Genmab A/S said Wednesday it is winding down its anti-CD4 development program for rheumatoid arthritis after initial Phase II trial results showed no significant difference in American College of Rheumatology scores for patients who received placebo vs. those treated with HuMax-CD4.

Genmab, based in Copenhagen, Denmark, began a Phase III trial in December in active RA patients who had not responded to other treatments. The company also is stopping enrollment in the Phase III trial. (See BioWorld Today, Dec. 13, 2001.)

Genmab trades on the Copenhagen stock exchange; its shares (CSE:GEN) fell 61.4 percent on Wednesday.

"Our business plan has always been to develop a broad portfolio of products and balance the risk in the company in that way," CEO Lisa Drakeman told BioWorld Today. "Our job is to work on [HuMax-CD4 and HuMax-IL15] in the clinic."

The Phase II trial involved 155 patients with RA who were treated in four active dose groups - 280 mg, 160 mg, 80 mg and 20 mg - plus a placebo arm. Genmab said that there was no significant difference in the ACR scores at the primary endpoint of the study in week seven. Of the HuMax-CD4-treated groups, between 11 percent and 29 percent in the four dose groups achieved an American College Rheumatology score of 20 - the minimum score that indicates efficacy - compared to 24 percent of patients in the placebo group. HuMax-CD4 works by blocking the CD4 receptor on T cells.

Genmab said that while it plans to end recruitment for both the Phase II and Phase III trials of HuMax CD4 in RA, the data gathered thus far would be analyzed. In the Phase III trial, Genmab said it would collect data on patients enrolled thus far and "investigate the difference between using HuMax CD4 in combination therapy with methotrexate vs. the antibody alone." It also will collect safety data on those patients.

Drakeman said she did not know why the antibody failed to be effective in the Phase II trial, which was begun in December 2000 and conducted in Denmark, Sweden, the UK, Iceland and the U.S.

"It's very hard to say," she said. "The preclinical was good, the Phase II was good, but we've seen a lot of products not work this year.
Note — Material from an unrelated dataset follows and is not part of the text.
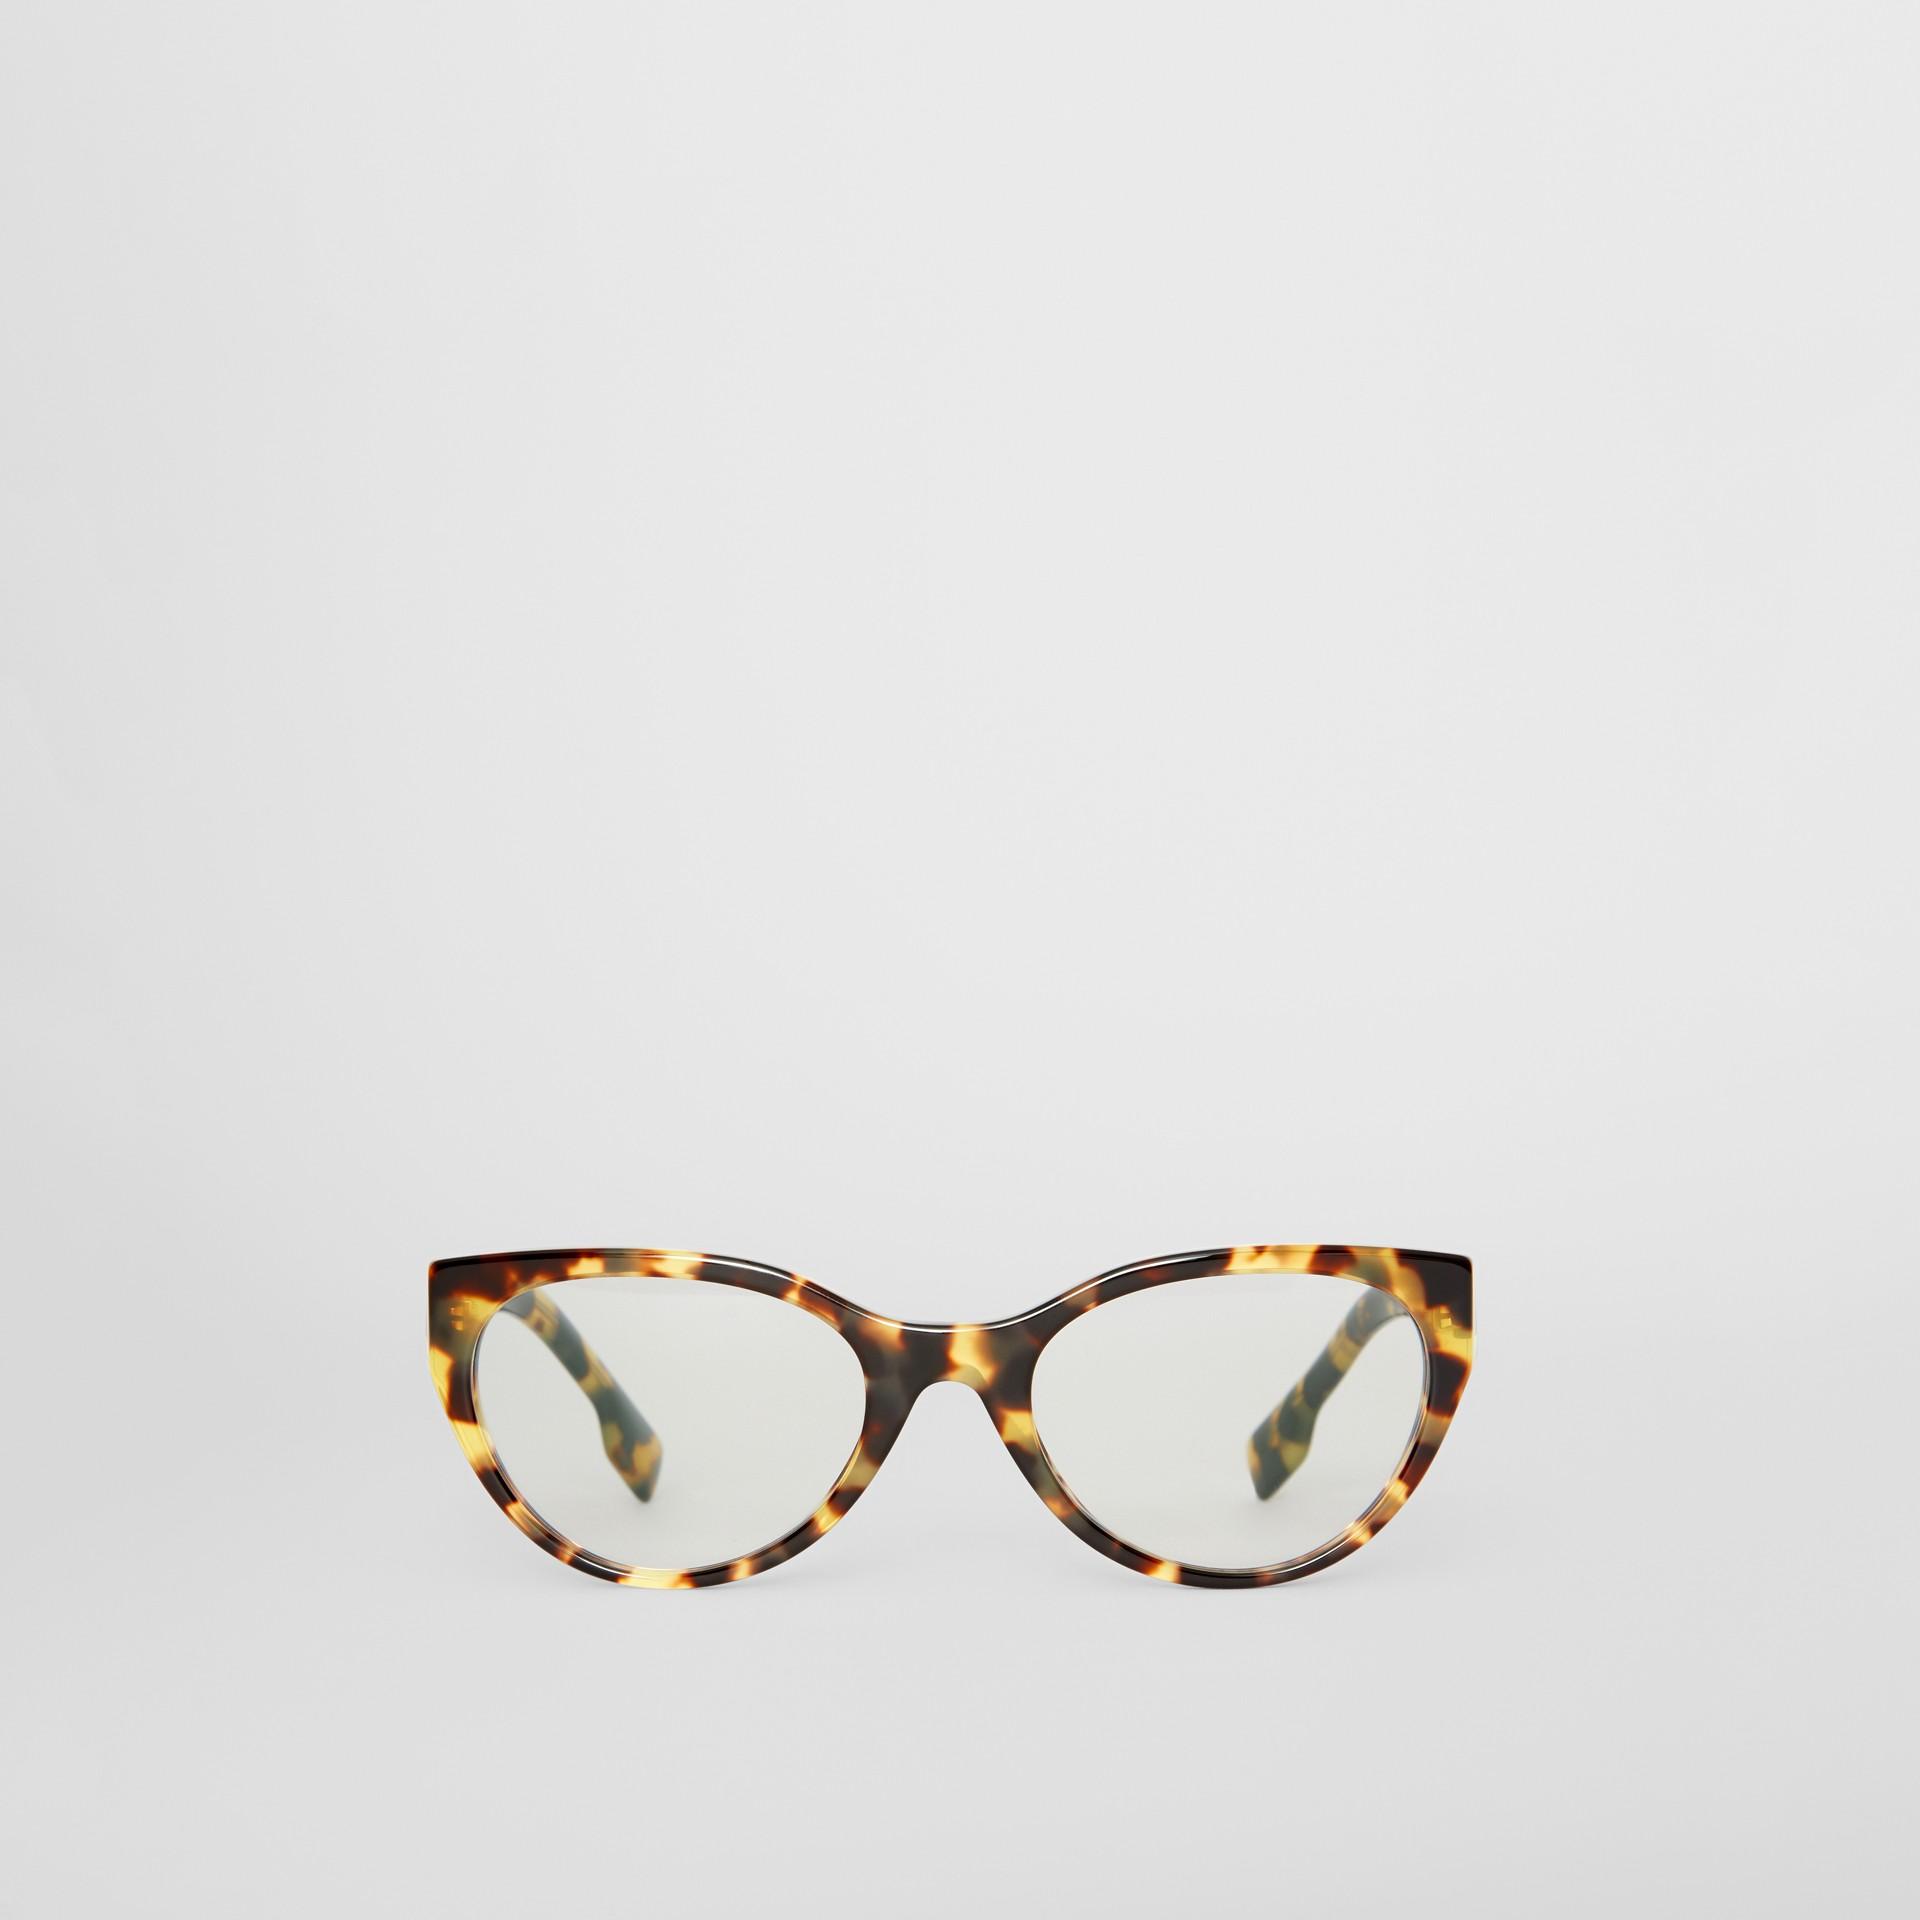 Cat-eye Optical Frames in Tortoise Shell - Women | Burberry - gallery image 0

The only difference between this study and previous studies was that [patients] were able to take methotrexate."

Genmab had planned to file for FDA approval of HuMax CD4 in RA in early 2004, and the agency had granted HuMax-CD4 fast-track status. (See BioWorld Today, June 7, 2002.)
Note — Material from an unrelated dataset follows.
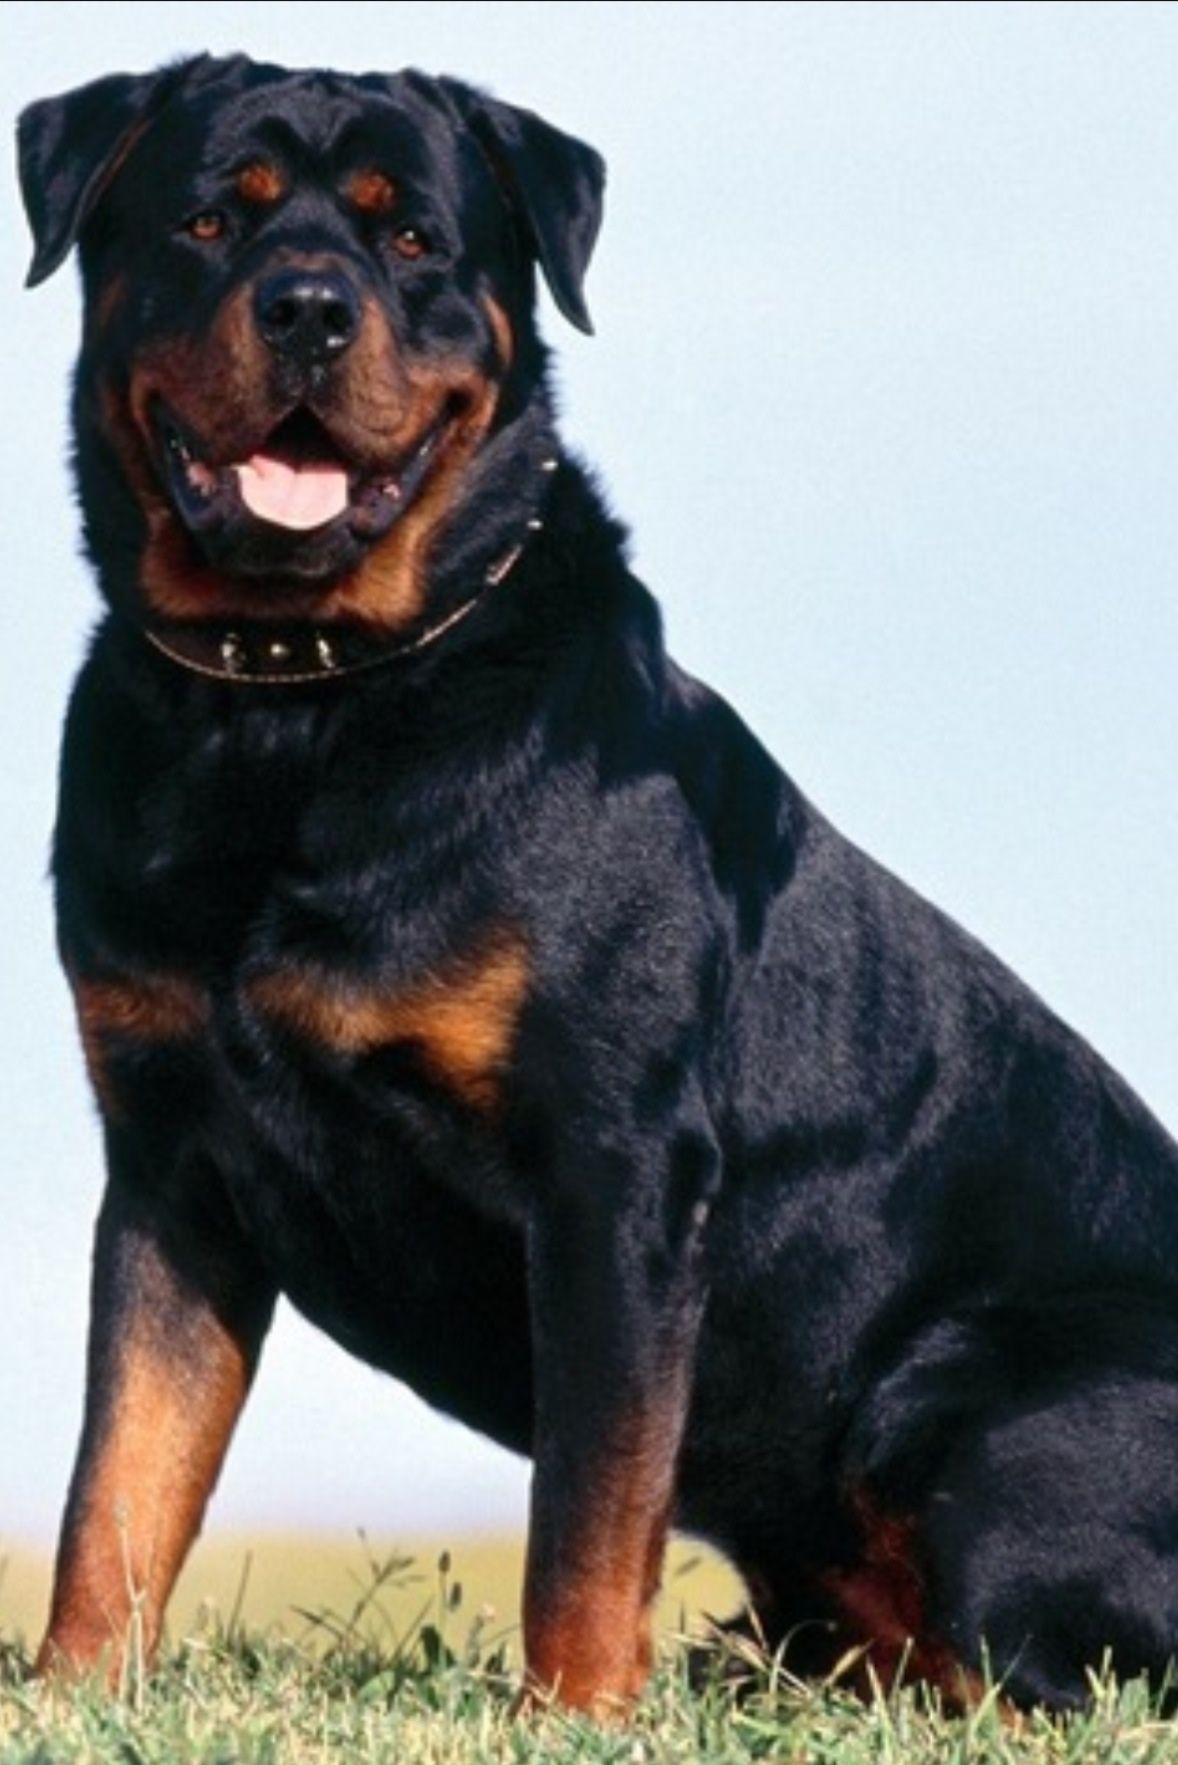 Rottweiler Rottweiler Dog Rottweiler Dog Breed Dog Breeds

Genmab will continue with its Phase IIb development plans using HuMax-CD4 in patients with moderate to severe psoriasis, the company said. Genmab was granted North American rights to HuMax-CD4 by Princeton, N.J.-based Medarex Inc. HuMax-CD4 was created using Medarex's UltiMAb Human Antibody Development System. Medarex owns about 33 percent of Genmab's stock. Genmab was established in February 1999 by a group of Danish investors and Medarex. (See BioWorld Today, Dec. 13, 2001.)

To emphasize the company's pipeline, Drakeman noted that Genmab has seen "much more encouraging" results to date from its second clinical product, HuMax-IL15. That antibody has completed a Phase I trial and is set to begin a Phase II trial in rheumatoid arthritis before the end of the year, Drakeman said.

Genmab also has other ongoing activities. For example, in January, the company entered an agreement with Medarex and Oxford GlycoSciences plc, of Oxford, UK, that combined targets discovered by OGS's proteomics platform with the capabilities of Medarex and Genmab. (See BioWorld Today, Jan. 10, 2002.)

In June, F. Hoffmann-La Roche Ltd., of Basel, Switzerland, said it would invest $20 million in Genmab as part of an agreement to expand a year-old deal between the companies that ultimately could be worth $100 million. The program is being coordinated by Roche's proteomics group and focuses on developing biologics. (See BioWorld Today, June 7, 2002.)